Thanks to the supporters of Running Strong for American Indian Youth®, for the past two years we have been able to provide grant funding to our longtime partner, The Keya Foundation, for its Intergenerational Lakota History Children’s Book Project enabling children to illustrate stories as told to them by the Lakota Elders on the Cheyenne River Sioux Indian Reservation in South Dakota.
“The focus of the children’s book project is on the youth learning the cultural history and taking ownership in the illustration and creation of books that will preserve their own history,” explained Keya Foundation assistant director Tammy Granados.
The project first included bringing elders into the classroom to teach the history and provide the stories.
“The students themselves will be building a relationship with the elder’s community in hopes to create a stronger intergenerational relationship,” said Tammy, which will in turn increase and help distribute the knowledge of the elders and the Lakota language through the children’s books.
In addition, “It will leverage the current successes of the arts courses in the Cheyenne River Sioux Tribe schools and create a stronger sense of self for the students illustrating and reading the books,” she said.
As of August, five of the planned eight books have been completed – “Three Hunters and a Bear,” “Seven Lakota Values,” “Morning Star,” “Thipi Teachings,” and “Kheya” – which have all been printed and distributed to local schools, as well as schools throughout South Dakota.
At present, the other three – “A Mother’s Love,” “Little Prairie School,” and the Lakota Alphabet – are in the editing process.
And as Tammy expected, the project has had a profound impact on both the children and the elders alike.
“I learned a lot about the Kheya (turtle),” said 8-year-old Mahpiya. “That is my favorite my book.
“I learned Lakota words, and with the words next to it in English, I was able to understand what that word means in Lakota and English.
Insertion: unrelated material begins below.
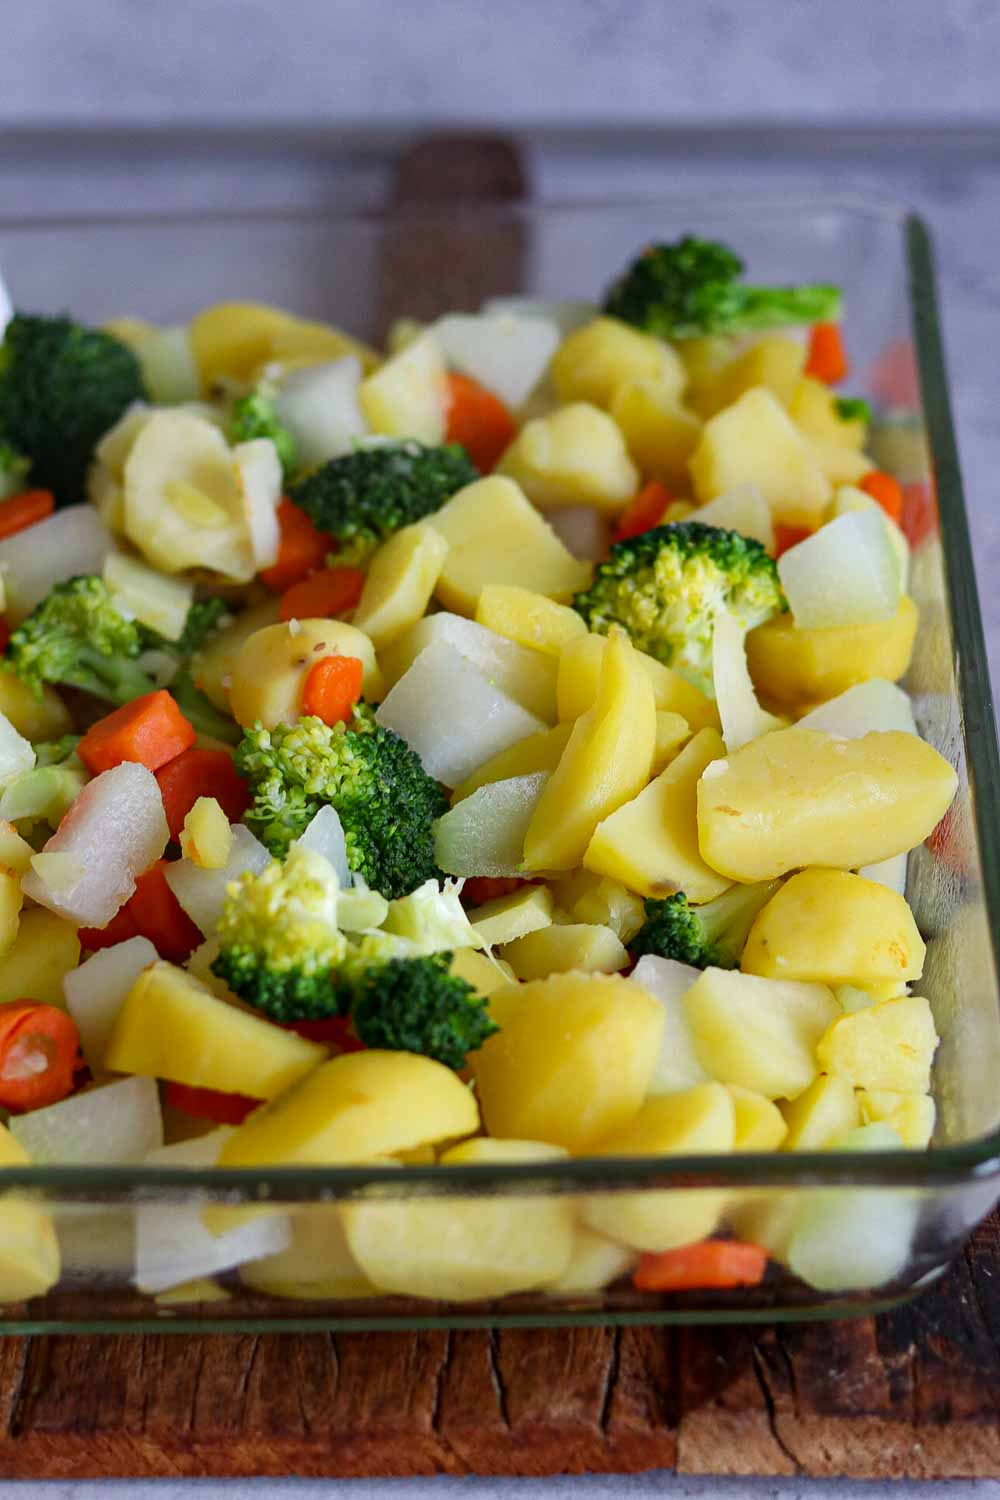 Schritt 3 Kartoffeln, Möhren, Brokkoli in Auflaufform für Gemüseauflauf, ohne Soße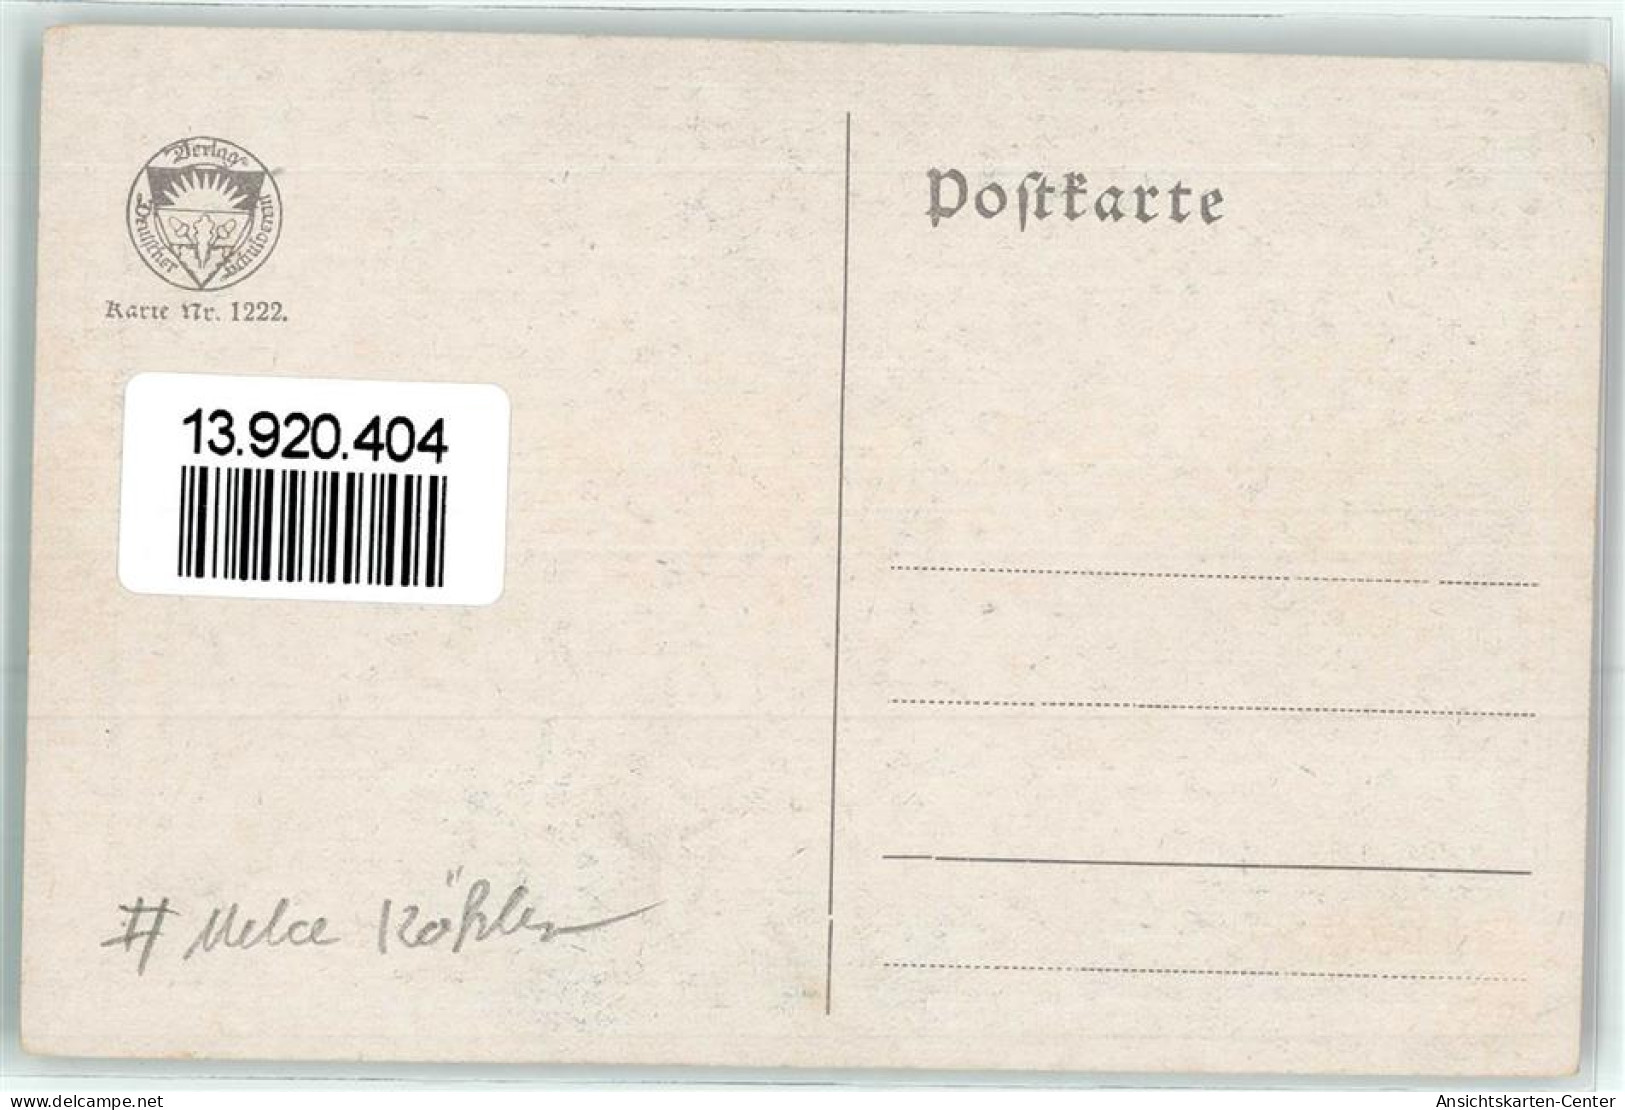 13920404 - Deutscher Schulverein Nr. 1222  Noten Liederkarte Poesie / Liebe - Koehler, Mela

So, it taught me Lakota.
“I learned about why I have a beaded turtle and that when I’m grown up and prove that I am ready, I will be given my turtle back when I am an adult.”
Blaine, a Cheyenne River Sioux Tribe elder, stressed the importance of education to the children.
“Education is one of the most important things you get to do in your life and to survive.
“It takes a lot of years to get the education. But once you have it, you always have it. It is important that we pass on what we know.”
And that is true particularly of the culture, said Blaine who even though he is an enrolled member of the tribe, he never learned to speak the language.
“I understand some of it,” he says, “but we were never taught it. There was nobody in my family to teach it.”
Tammy notes that oral storytelling is a vital piece of Oceti Sakowin (the Seven Council Fires) history.
“Traditionally, our ancestors passed down through stories that taught us about morals, history, life-skills and milestones,” she said. “Much of this was lost. The Children’s Book Project helps us take the stories and knowledge of our local elders, as it pertains to our local people here on Cheyenne River, and write those stories down so that they can continue to be passed down in the new world that we walk in.